Kenali Gondongan dan Cara Pengobatannya

GONDONGAN adalah penyakit kerap menyerang anak. Kasus penyakit gondongan selama Agustus-September tahun ini meningkat di Kota Yogyakarta.

Dinas Kesehatan Kota Yogyakarta mencatat terdapat 157 anak usia SD terpapar penyakit ini.

Selain di Kota Yogyakarta ternyata peningkatan kasus gondongan ini juga terjadi di berbagai kabupaten/kota di luar Yogyakarta.

Pusat Kedokteran Tropis (PKT) UGM mengangkat topik penyakit gondongan atau parotitis dalam podcast bulanan Tropmed Talk bulan Oktober.

Narasumber yang dihadirkan adalah dokter spesialis anak Ratni Indrawanti dari RSUP Dr Sardjito.

Ia menjelaskan bahwa gondongan adalah infeksi yang terjadi pada kelenjar ludah.

Letaknya ada di bawah daun telinga. Jika terinfeksi virus penyebabnya, akan timbul gejala setelah 16-18 hari.

Pada 2-3 hari pertama gejala mirip infeksi lainnya, seperti demam, pusing, badan tidak nyaman,’ kata dr Ratni Indrawanti, Senin (21/10)

Terkadang disertai batuk atau muntah.

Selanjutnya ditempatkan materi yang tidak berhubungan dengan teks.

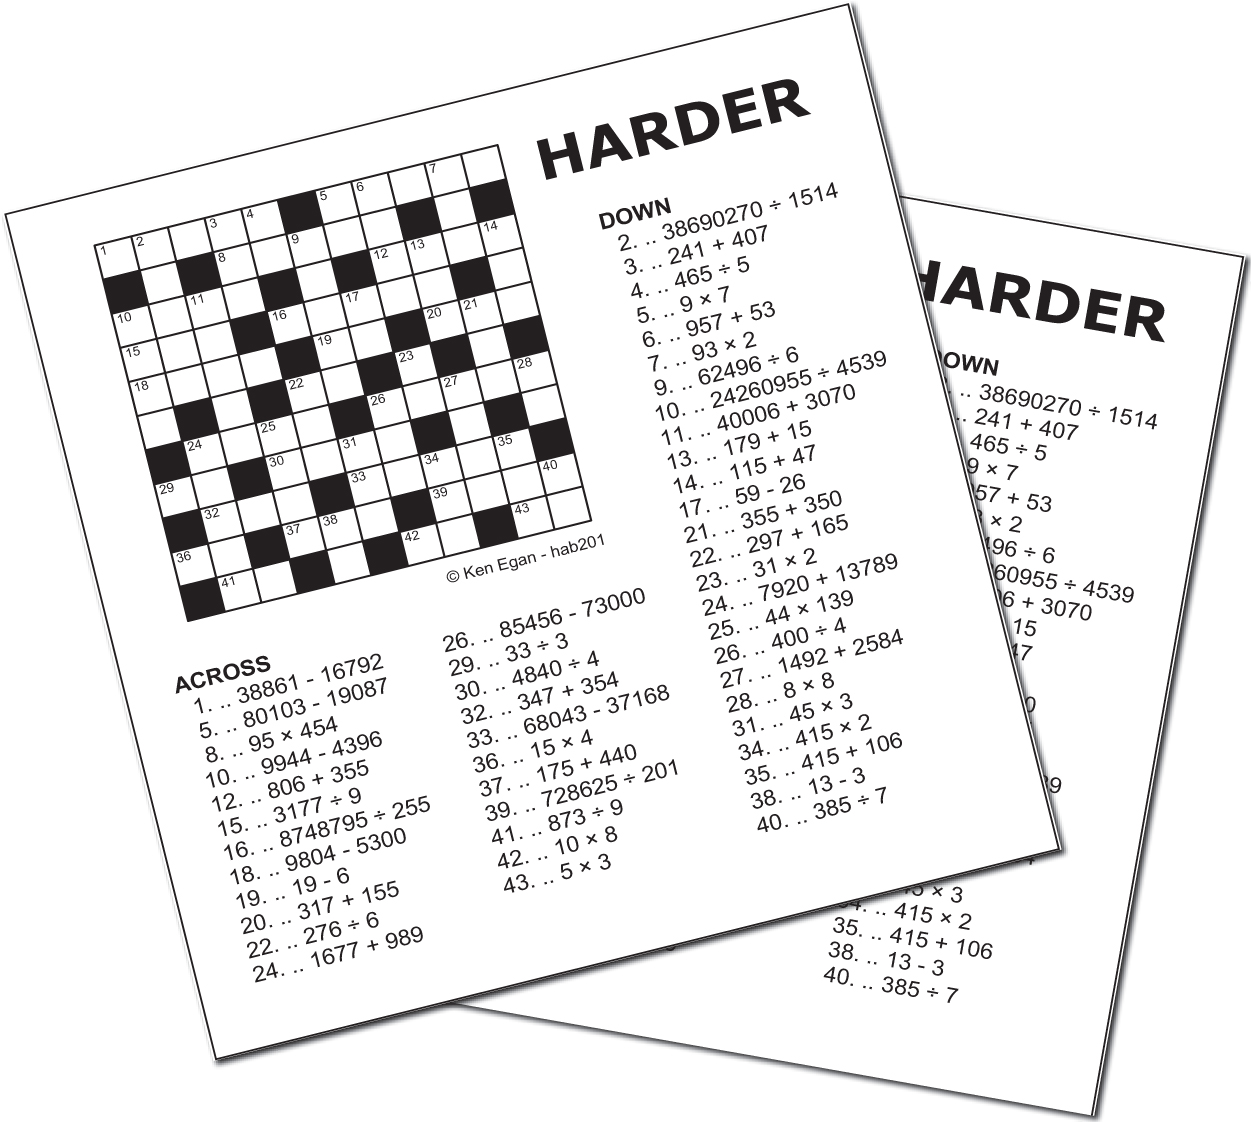 Image 1 for 20 HARDER PUZZLE BOOKLET 02

Kemudian disusul terjadinya pembesaran pada kelenjar ludah yang terasa sakit.

“Pembesaran yang bisa terjadi di dua sisi leher ini akan berlangsung selama 5-7 hari. Setelah itu akan mengecil sendiri,” jelas dr. Ratni.

Bisa menjalar ke otak

Meski gondongan dapat sembuh dengan sendirinya, ia mengingatkan pada kasus tertentu gondongan dapat menyebabkan komplikasi.

Bahkan penyakit ini bisa menjalar sampai otak dan menyebabkan radang otak.

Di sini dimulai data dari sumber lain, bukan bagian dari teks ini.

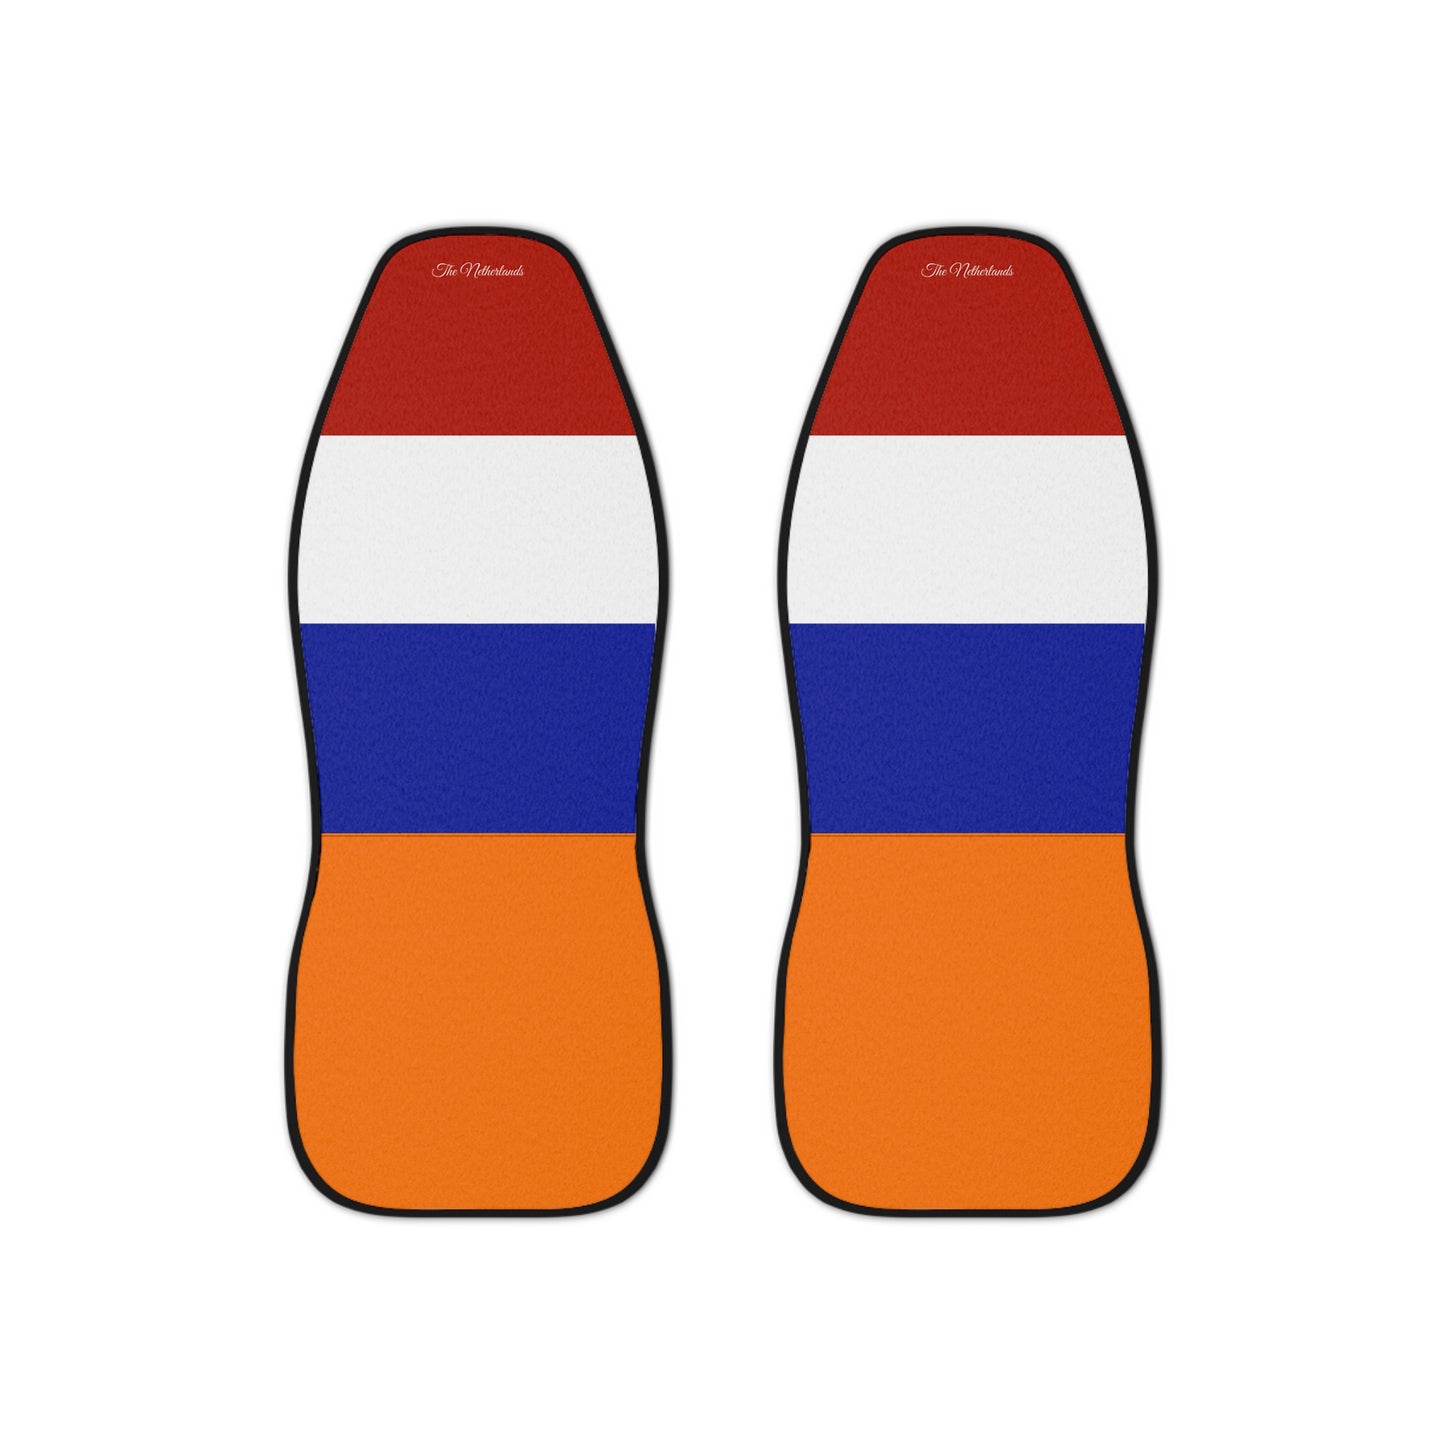 Set of Two The Netherlands Flag Car Seat Covers Universal

Gejalanya antara lain demam, kejang dan penurunan kesadaran. Komplikasi lainnya yang dapat terjadi adalah pneumonia dan pankreatitis, atau peradangan pada pankreas.

Kemudian jika menular pada usia remaja atau dewasa, gondongan dapat menyebabkan orchitis (peradangan testis) pada laki-laki dan ovaritis (peradangan ovarium) pada wanita.

Komplikasi berat lain imbuh dr. Ratni adalah jika menular pada ibu hamil, terutama jika terjadi saat kehamilan kurang dari 12 minggu. “Bisa menyebabkan keguguran,” ujarnya.

Penularan gondongan tergolong mudah, sebagian besar melalui droplet yang keluar saat bersin, berteriak atau batuk.

Virus gondongan yang terdapat dalam droplet, imbuh dr. Ratni bisa hidup selama beberapa jam, sehingga memungkinkan terjadinya penularan tidak langsung.

Penularan ini, katanya terjadi jika seseorang menyentuh droplet yang ada di permukaan benda kemudian telapak tangannya menyentuh hidung atau mulut.

Pencegahan penularan penyakit

Ia menyarankan, pasien gondongan sebaiknya diisolasi selama lima hari terhitung sejak mulai demam.

Sedangkan bagi yang sehat perilaku hidup bersih dan sehat (PHBS) sangat penting untuk mencegah penularan penyakit ini.

Selain dengan PHBS, pencegahan lainnya adalah dengan vaksinasi MMR. “Ini adalah vaksin kombinasi, bisa untuk mencegah tiga penyakit,” ujarnya.

Tiga penyakit tersebut adalah Mumps (Gondongan), Measles (Campak), dan Rubella.

Benarkan parotitis bisa disembuhkan dengan kalungan buah mengkudu atau pace kepada penderita?

Ratni  menjelaskan sebetulnya kalung buah mengkudu itu bertujuan agar anak-anak tidak nyaman dengan baunya.

Ssehingga anak yang mengalami parotitis mau berdiam diri di rumah.

Mitos lain yang ditanyakan adalah penyembuhan parotitis menggunakan blau. Menurut dr. Ratni, blau digunakan sebagai penanda agar area gondongan itu tidak disentuh karena sakit.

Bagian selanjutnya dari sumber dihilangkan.